I think the guys in the lab should have a standing item on their wish list for something like "Data center rental". Which would include the required servers and connection. I imagine this would be many more times the current cost that they spend on the connection and maintaining the servers.
SETI@home classic workunits: 93,865 CPU time: 863,447 hours
Join the [url=http://tinyurl.com/8y46zvu]BP6/VP6 User Group[
ID: 1200033 · Report as offensive
Profile Francesco Forti
Avatar

Send message
Joined: 24 May 00
Posts: 334
Credit: 204,421,005
RAC: 15
Switzerland
Message 1200040 - Posted: 26 Feb 2012, 17:36:38 UTC
Last modified: 26 Feb 2012, 17:49:21 UTC

Thanks for the C10K info.
Avery client host can handle two DL in parallel and I use to see from 5 to 20Kb/s speed each, if good, but sometime less than 1.
With BoincTasks I can see all the DL/UL job of my 8 hosts here (other are far)
When berkeley is out of work and the green cricket line is falling down, I see that my DL are 150 to 200 Kb each and so I thing that if you at Berkeley make some filter in order to have only 10'000 clients for each of your DL server, bay be the queue will be used better.
I don't know if you have some "tap" in your communication equipment but if you have, try to set at ~10'000 connection.

Is it possible?
ID: 1200040 · Report as offensive
Profile Wiggo
Avatar

Send message
Joined: 24 Jan 00
Posts: 34744
Credit: 261,360,520
RAC: 489
Australia
Message 1200128 - Posted: 26 Feb 2012, 20:20:00 UTC - in response to Message 1200040.  
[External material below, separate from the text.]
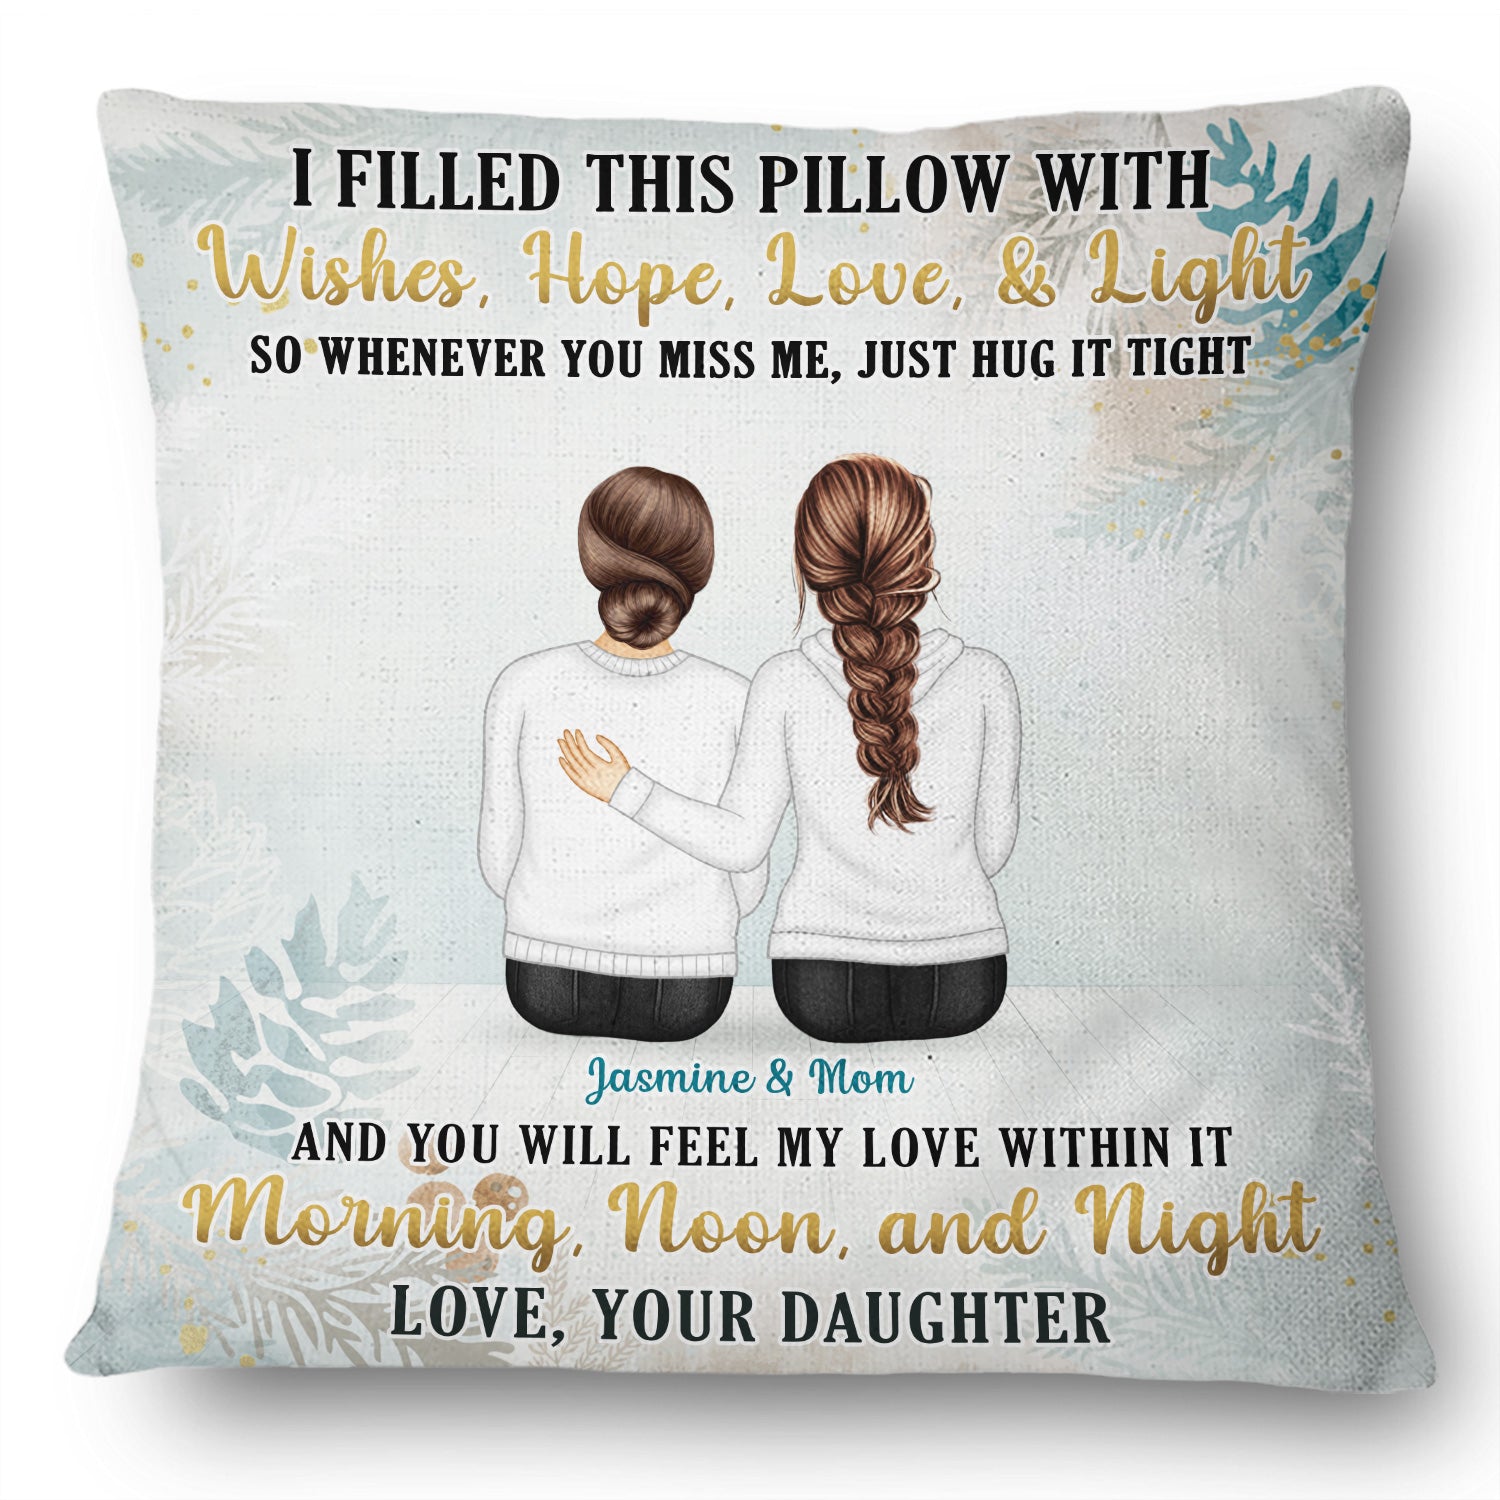 Wishes, Hope, Love And Light - Gift For Grandparents And Parents - Personalized Custom Pillow

There has been a known problem with the connection for quite some time which Matt has already posted about here,
Speaking of network competition - yes, we're away that we are dropping all kinds of connections during uploads/downloads. This isn't because of our router (which was definitely the problem over the summer before we added RAM to it), but somewhere else further up the pipeline. Still figuring this out, but it's certainly load related.
which is why a lot of us have been using proxies to get around that particular bit of hardware which mainly happens when AP's are being handed out or we're having a shortie storm.

Cheers.
ID: 1200128 · Report as offensive
Profile Alex Erne

Send message
Joined: 18 Nov 08
Posts: 12
Credit: 800,330
RAC: 0
Netherlands
Message 1200135 - Posted: 26 Feb 2012, 20:31:30 UTC

I have no problem with the slow download myself. But that it's constantly aborted and next put on hold by BOINC for 1-2 hours makes my work-queue almost empty (last task running and only 2 to download).
<--- Searching for this one ;-)
ID: 1200135 · Report as offensive
Profile Warren Kozey
Avatar

Send message
Joined: 6 Jul 99
Posts: 54
Credit: 5,026,721
RAC: 0
Canada
Message 1200188 - Posted: 26 Feb 2012, 23:43:41 UTC - in response to Message 1200135.  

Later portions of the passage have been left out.